(Stored dataset items)
□ □ □

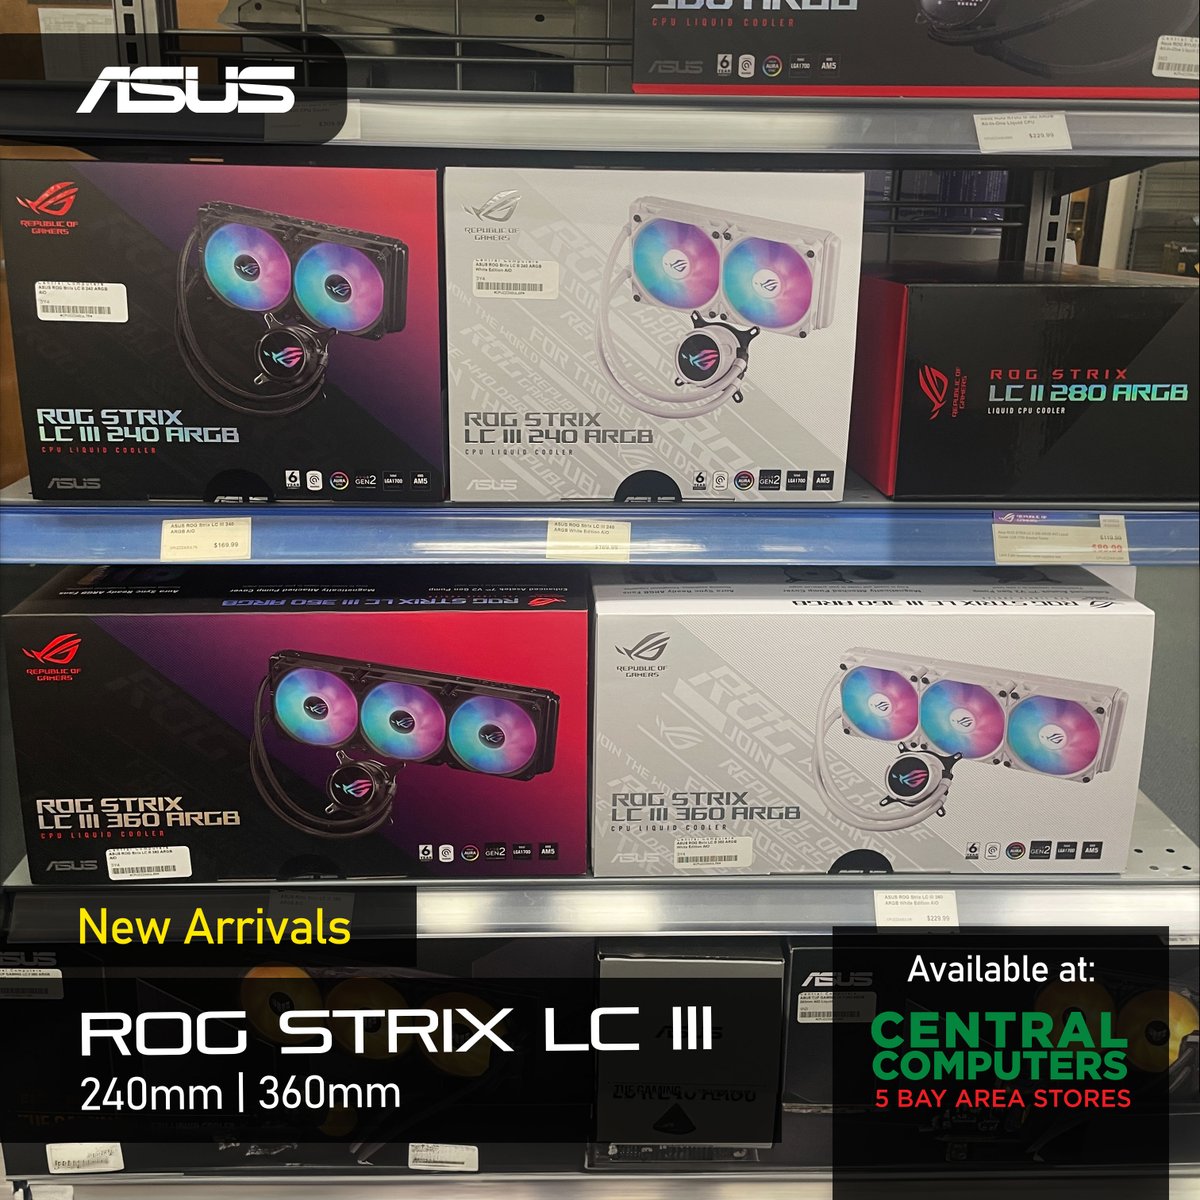 New arrival: Asus ROG Strix LC III AIO Coolers
Featuring a 360° rotatable, magnetic water block for flexible installation and an LCD screen to display system stats or custom animations. 

Make it uniquely yours:
ow.ly/POj050RiC6N

#pc #asus #asusrog #aio #pccooler #argb
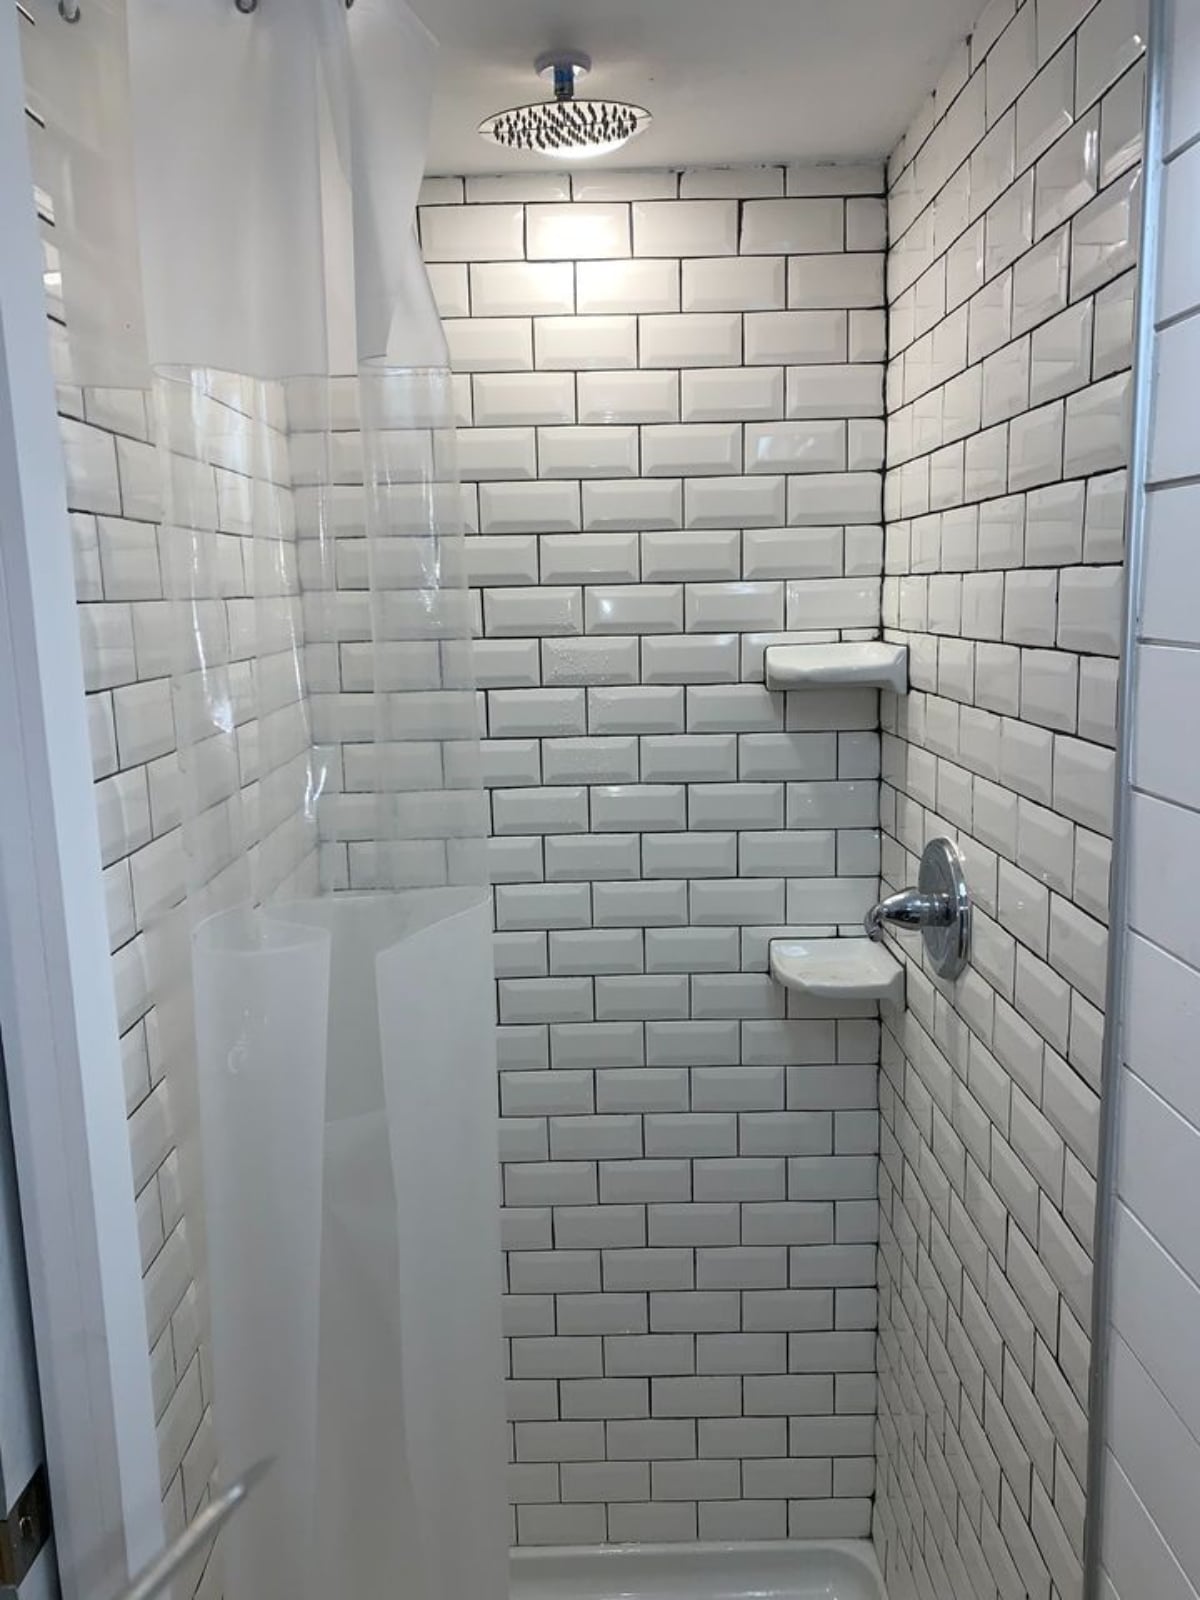 Shower area of 24' Tiny House

□ □ □

Task description: Word for word, copy the lines from the one with "ow.ly/POj050RiC6N" through the end of the entries above, and do not include any picture.

Answer for this exercise:
ow.ly/POj050RiC6N

#pc #asus #asusrog #aio #pccooler #argb
 Shower area of 24' Tiny House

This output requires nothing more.